Reproduce exactly, leaving out pictures, each line from the one holding "REWE Yogurette 50g" through the final line of the listing, and add nothing.

**Given material:**
-*-

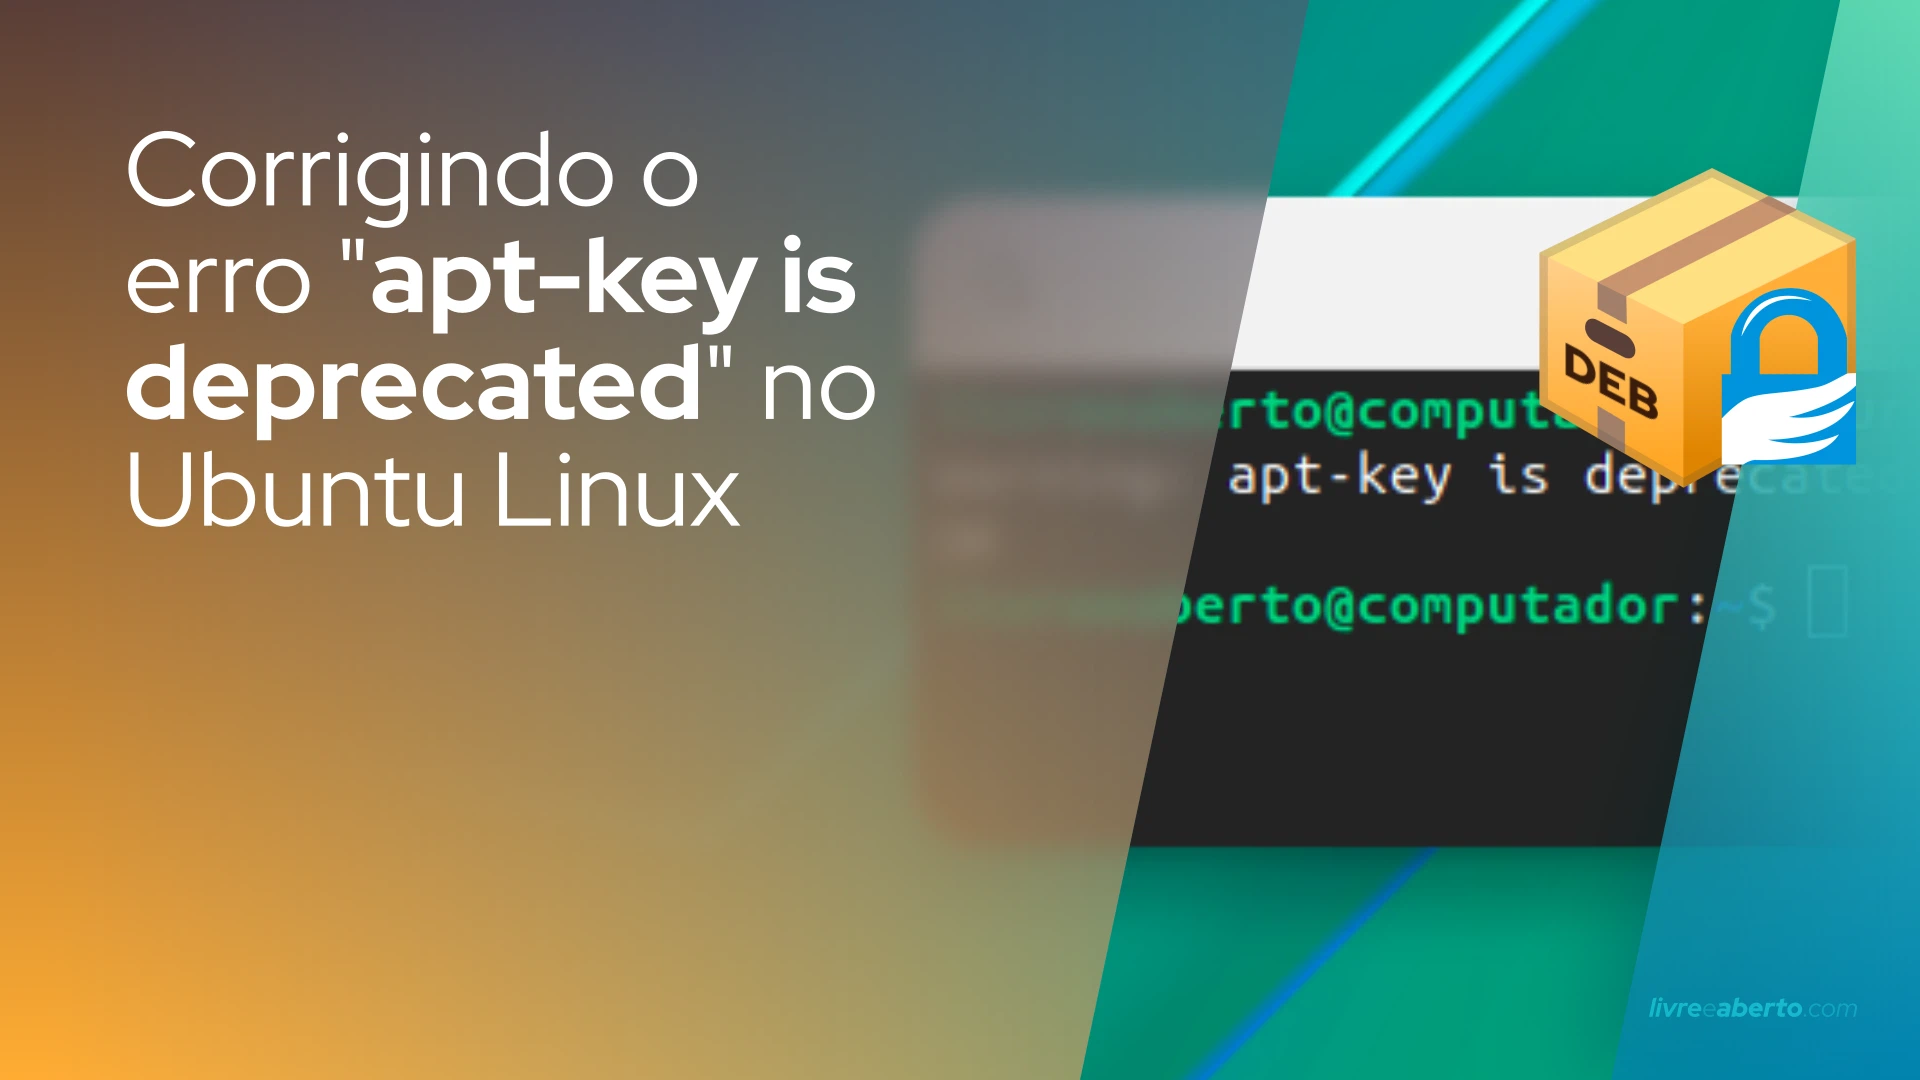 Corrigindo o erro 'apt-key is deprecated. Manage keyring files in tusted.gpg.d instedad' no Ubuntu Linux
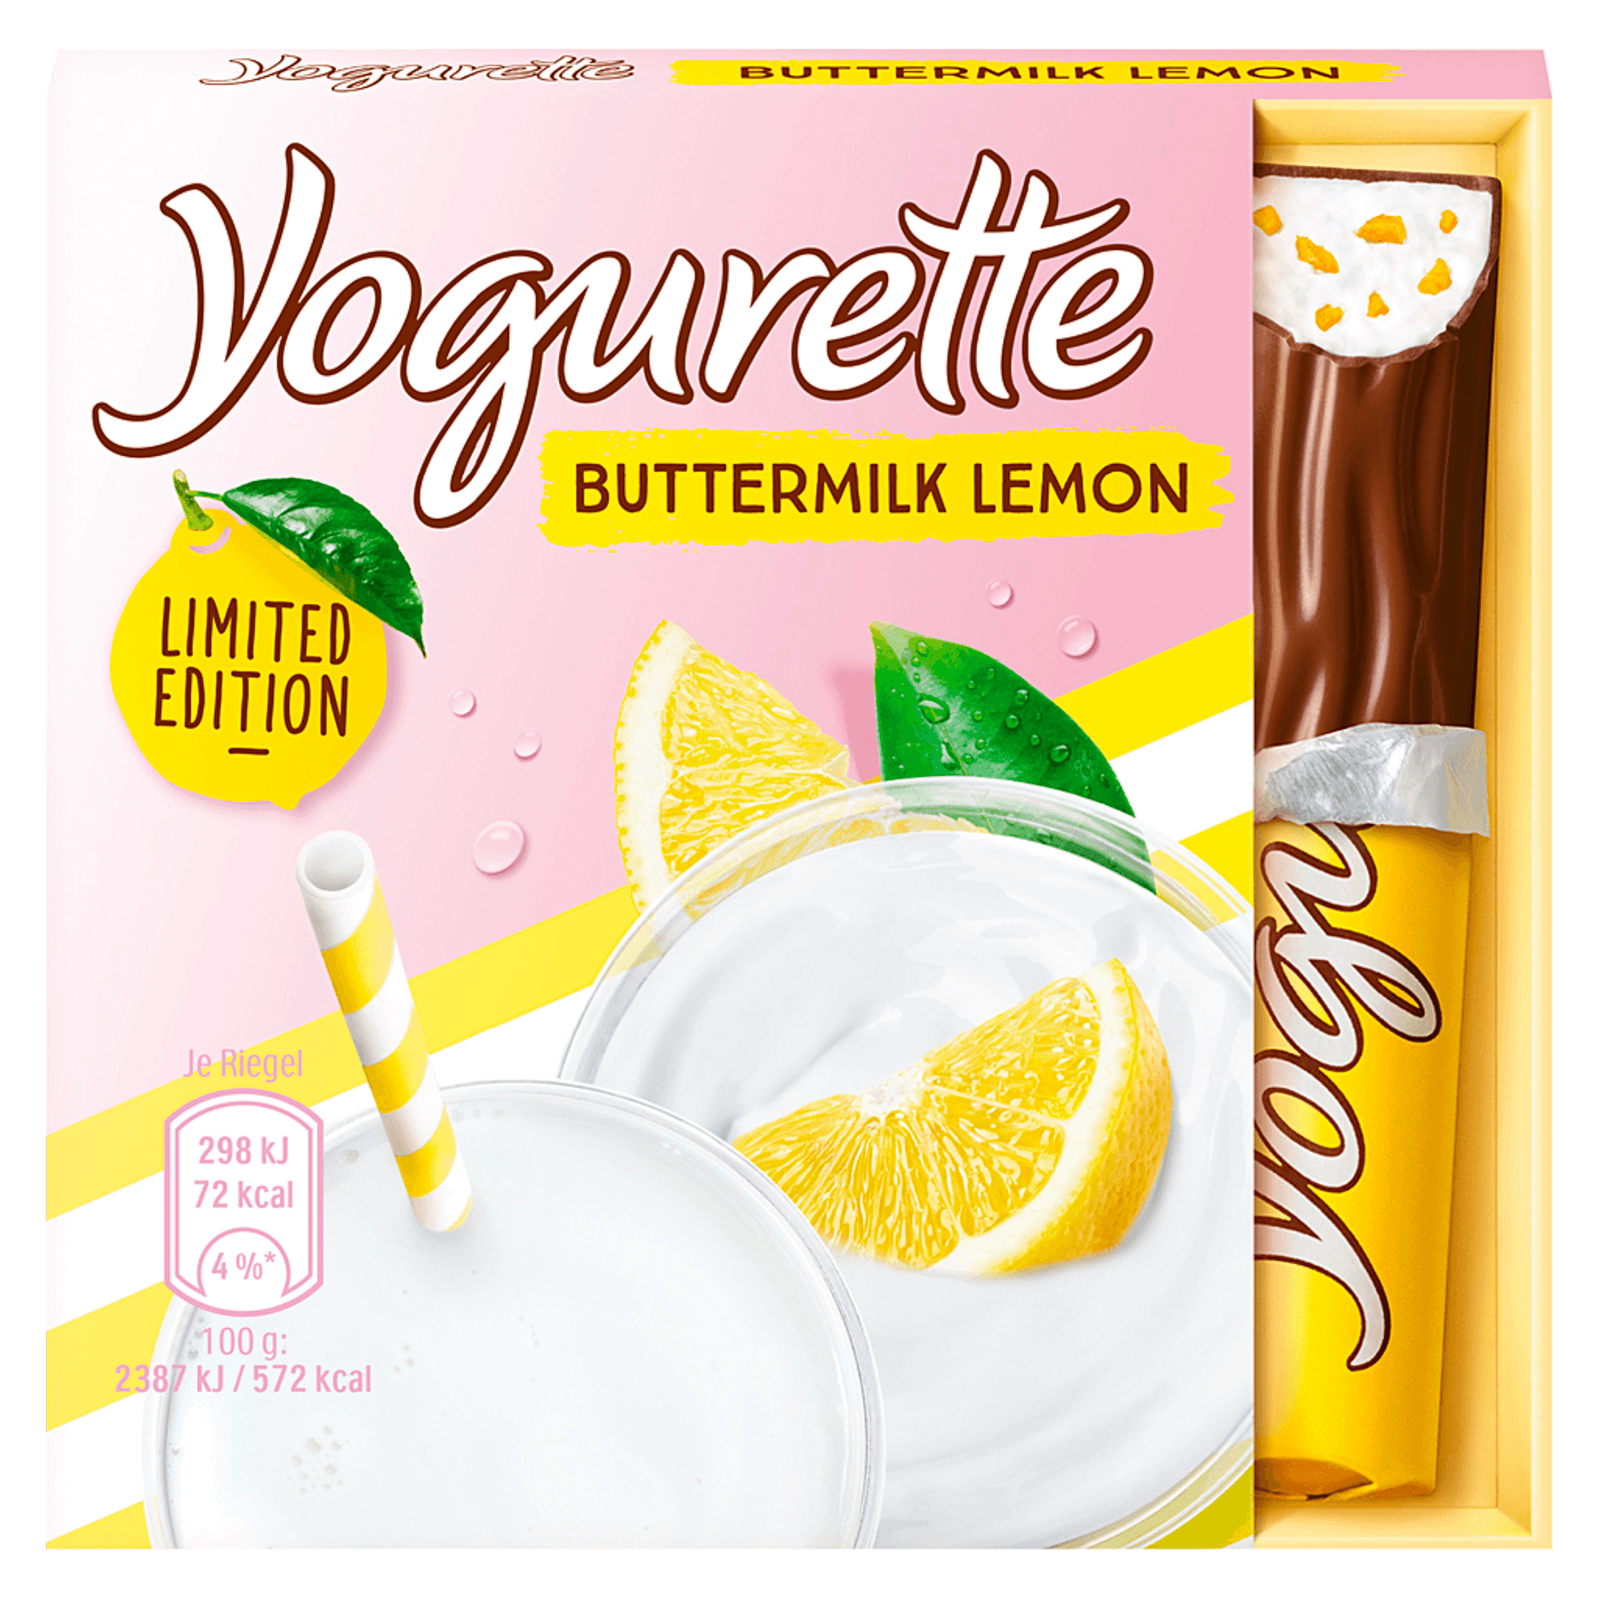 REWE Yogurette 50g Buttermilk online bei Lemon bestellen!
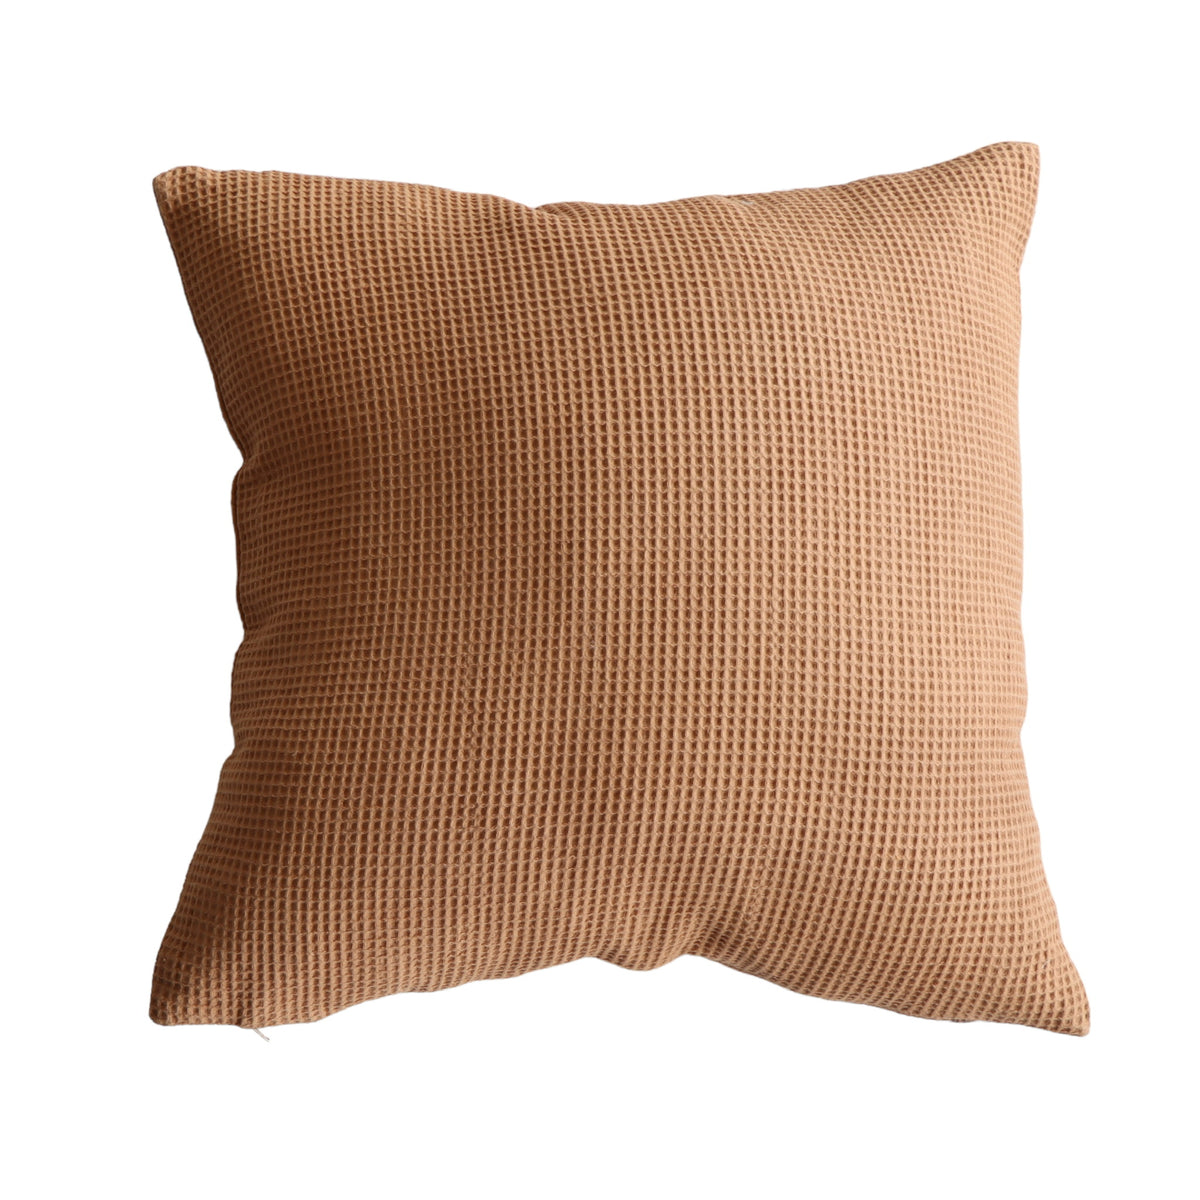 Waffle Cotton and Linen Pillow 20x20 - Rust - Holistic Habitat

-*-

**Solution:**
 REWE Yogurette 50g Buttermilk online bei Lemon bestellen!
 Waffle Cotton and Linen Pillow 20x20 - Rust - Holistic Habitat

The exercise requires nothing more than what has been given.